1915 OK 441, 148 P. 1032, 48 Okla. 8, 1915 Okla. LEXIS 572
CourtSupreme Court of Oklahoma
DecidedSeptember 22, 1914
Docket3754
StatusPublished
Cited by3 cases

This text of 1915 OK 441 (Oklahoma Ry. Co. v. Morris) is published on Counsel Stack Legal Research, covering Supreme Court of Oklahoma primary law. Counsel Stack provides free access to over 12 million legal documents including statutes, case law, regulations, and constitutions.

Bluebook
Oklahoma Ry. Co. v. Morris, 1915 OK 441, 148 P. 1032, 48 Okla. 8, 1915 Okla. LEXIS 572 (Okla. 1914).

Opinion

Opinion by

HARRISON, C.

This was an action by J. W. Morris against the Oklahoma Railway Company to recover a reward of $500 which defendant company, during a strike on its lines, had offered for the arrest and conviction of parties unlawfully and feloniously interfering with its property, or for unlawfully and feloniously assaulting its employees. Morris was a peace officer in the secret service department of Oklahoma City.' On May 7, 1911, while riding on one of the company’s cars, the conductor was assáulted by one Dickson. Morris arrested Dickson, who was tried and convicted. Whereupon Morris demanded the reward. The company refused to pay, and Morris brought suit and obtained judgment for the full amount of the reward, and from such judgment the railway company appeals upon three principal propositions, to-wit: First, that there was a mistake in the published offer of reward, the offer reading, “unlawfully and feloniously assaulting,” and the publication reading, “unlawfully or feloniously assaulting”; second, that at the time plaintiff made the arrest he was a peace officer, acting within the scope of his duties, and as such he was not entitled to recover; third, for the prejudicial errors in the admission of evidence.

Consideration of the first and third propositions is unnecessary if. Morris was not entitled to recover by reason of being a peace officer acting within the scope of his *10 duties and within his jurisdiction at the time the arrest was made.
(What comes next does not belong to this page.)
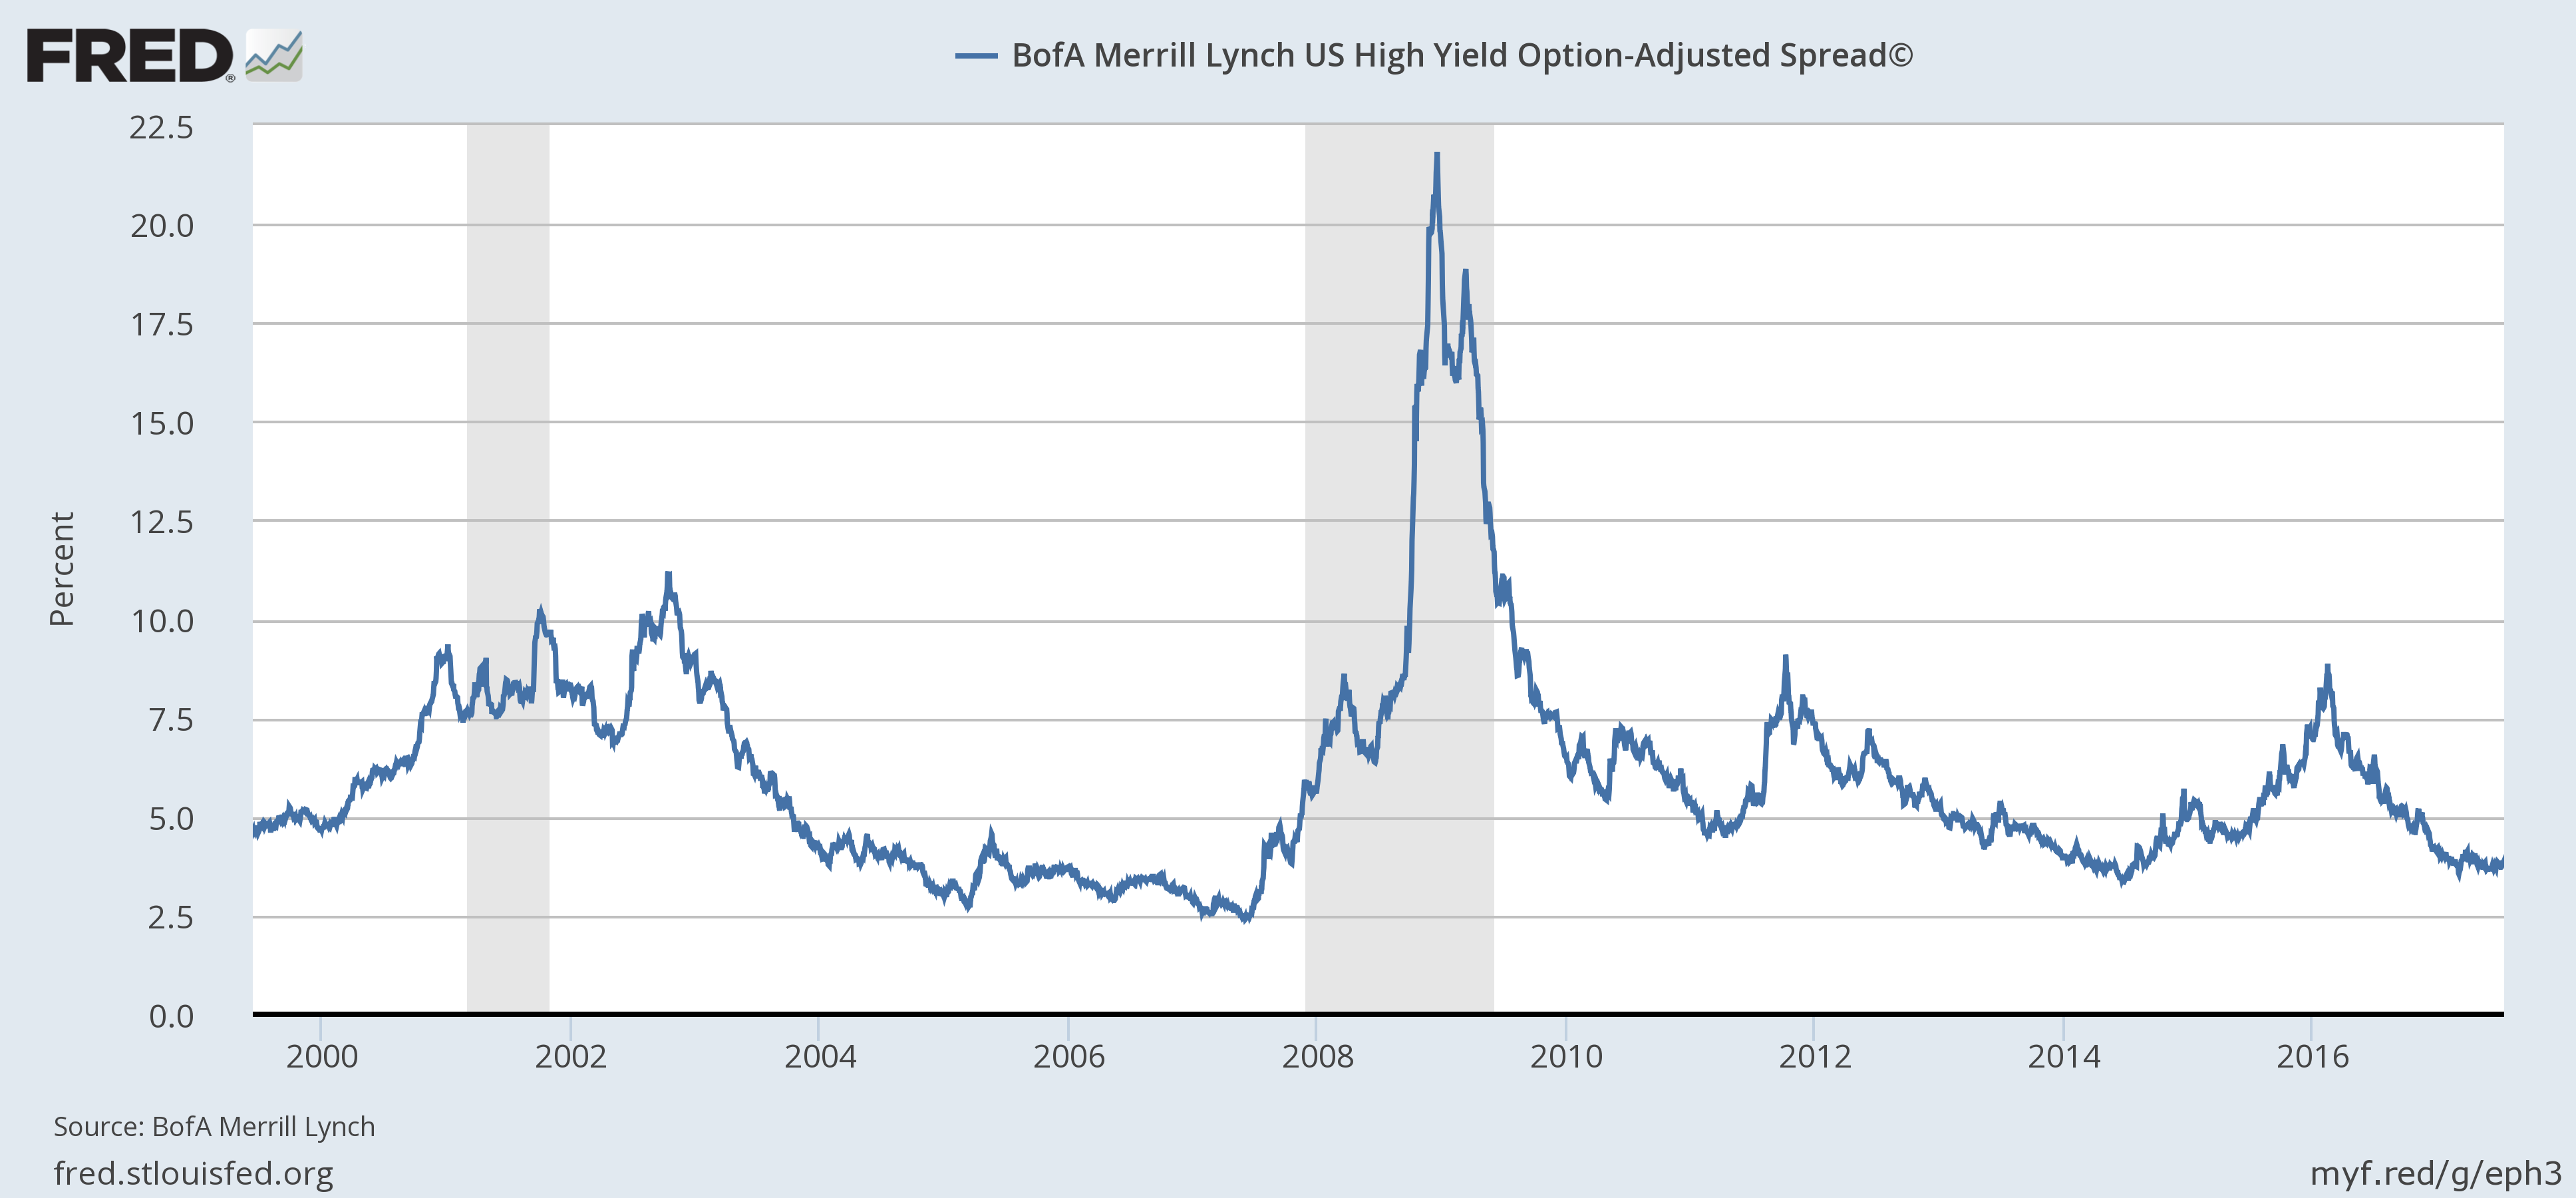 Bofa Merrill Lynch US High Yield Option-Adjusted Spread

It is not denied that he was a peace officer in the secret service department of Oklahoma City, nor that the assault and arrest were made within his jurisdiction as such peace officer, but it is contended that he was not on duty at the time the arrest was made, his hours of duty being from 6:45 a. m. to 3:00 p. m., and the assault .having been committed and the arrest made after he had gone off duty, and that, being off duty, he was entitled to the reward as an individual, and not as a peace officer in the discharge of his duties. The doctrine that a peace officer is not entitled to a reward for making an arrest within his jurisdiction and within the scope of his duties as such peace officer has long been settled by the courts of this country and of England, on the ground of public policy. The rule is stated in 34 Cyc. 1753, as follows:

“From an early day it has been established, and continues to be the rule,- that an agreement to pay money to a sheriff or other public officer for doing what he ought to do is void and against public policy. Accordingly a public officer, such as a sheriff, constable, or policeman, is not entitled to a reward offered for the arrest or conviction of a criminal, when the service performed is within the scope or line of the duties of such officer. It makes no difference that the services were rendered at a time when the officer was not on duty, and that the crime for which the arrest was made was committed in another county of the state.”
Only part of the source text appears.